JuliaLang/julia/blob/91f068c5c219275f1115056084417057a66240b7/base/bitarray.jl#L25


      
          By default, Julia returns `BitArrays` from [broadcasting](@ref Broadcasting) operations
          that generate boolean elements (including dotted-comparisons like `.==`) as well as from
          the functions [`trues`](@ref) and [`falses`](@ref).
          
          
!!! note
              Due to its packed storage format, concurrent access to the elements of a `BitArray`
              where at least one of them is a write is not thread safe.
          
          
"""
          mutable struct BitArray{N} <: AbstractArray{Bool, N}
              chunks::Vector{UInt64}
              len::Int
              dims::NTuple{N,Int}
              function BitArray{N}(::UndefInitializer, dims::Vararg{Int,N}) where N
                  n = 1
                  i = 1
                  for d in dims
                      d >= 0 || throw(ArgumentError("dimension size must be ≥ 0, got $d for dimension $i"))
                      n *= d
                      i += 1
                  end

Allan_Baker · August 29, 2022, 2:01pm

So its probably better to do something like Vector{Int} or Vector{Uint8} is there a performance difference if all I’m doing is checking true and false on the array really?

maleadt · August 29, 2022, 2:02pm

You’ll want a parametric type so that the Vector can become a CuVector for GPU execution.
It probably won’t be slower, but obviously will consume much more memory.

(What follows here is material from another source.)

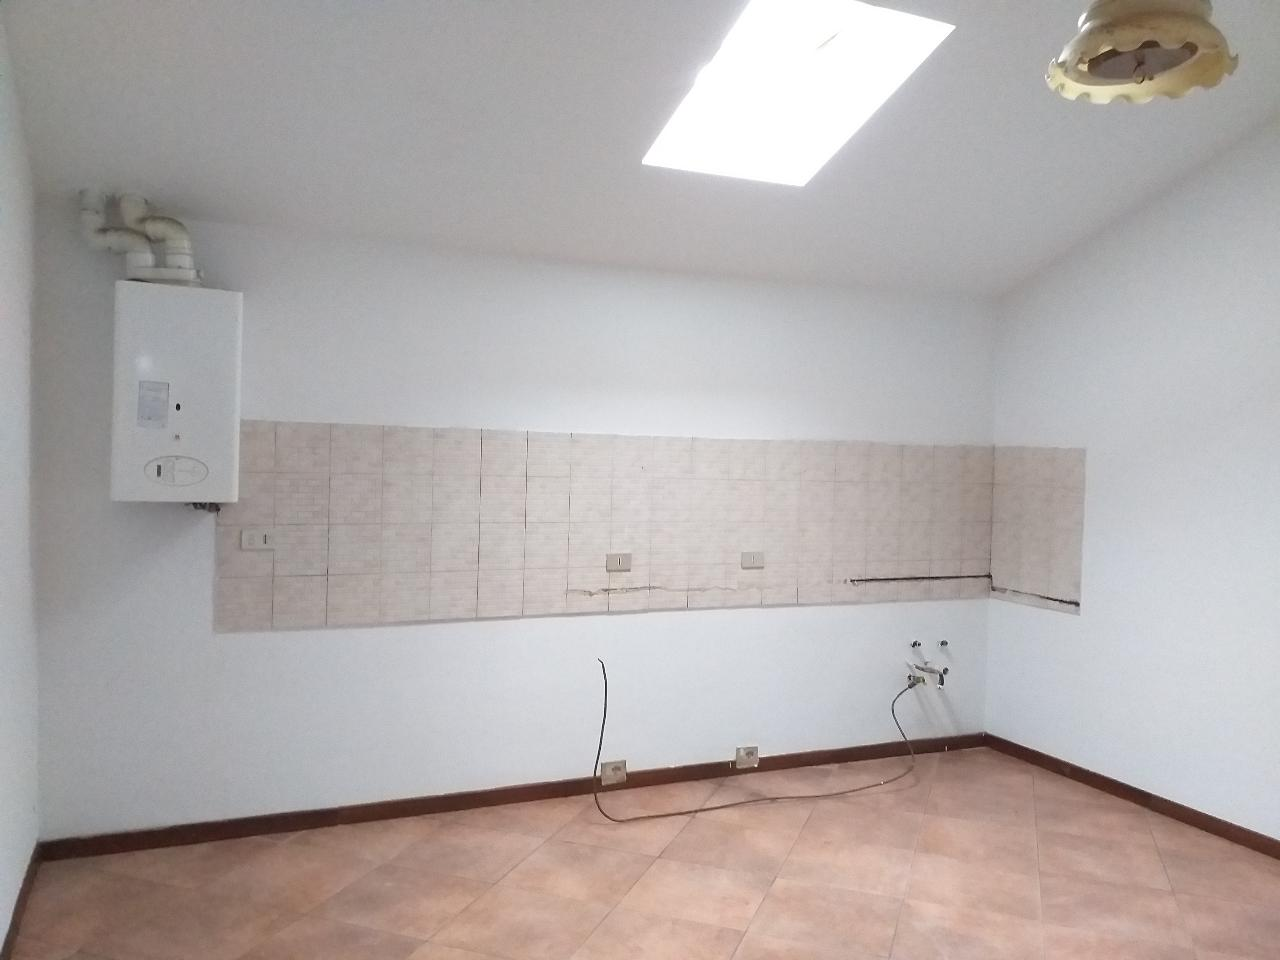 Appartamento CREMONA Euro 29.000,00

Allan_Baker · August 29, 2022, 2:08pm

I’ll probably just leave it as a Vector unspecified and see if that solves my problem, and make it more restrictive if necessary.

Allan_Baker · August 29, 2022, 7:04pm

struct BinaryCode{T<:AbstractFloat,C<:UInt} <:PulseModulationStyle{T,C}
	code::Vector{C}        
	s_chipLength::T     
	s_totalLength::T    
	BinaryCode{T,C}(code::Vector{C}, s_chipLength::T) where {T,C} = new{T,C}(code,s_chipLength, (length(code))*s_chipLength)
end

import Adapt
Adapt.@adapt_structure BinaryCode

What’s the syntax to get Adapt.@adapt_structure BinaryCode to work? I’ve been beating my head against this for several hours now. I think I need to do something magical with the Vector. Not quite understanding the flow from the Docs. Thank you.

maleadt · August 29, 2022, 7:22pm

No, you can’t use a Vector. As I mentioned before, it needs to be a parametric type so that (1) you can create a version of your struct containing a CuVector (this is not automatic, as the CPU->GPU upload is costly and hence cannot be done automatically when launching a kernel) and (2) the @cuda macro can convert that object to one containing a CuDeviceVector that’s compatible with on-device execution. See the docs for an example, Using custom structs · CUDA.jl. If you can’t get it to work, please post a MWE (e.g. with simplified struct definitions and dummy kernel launches) so that people can help you out.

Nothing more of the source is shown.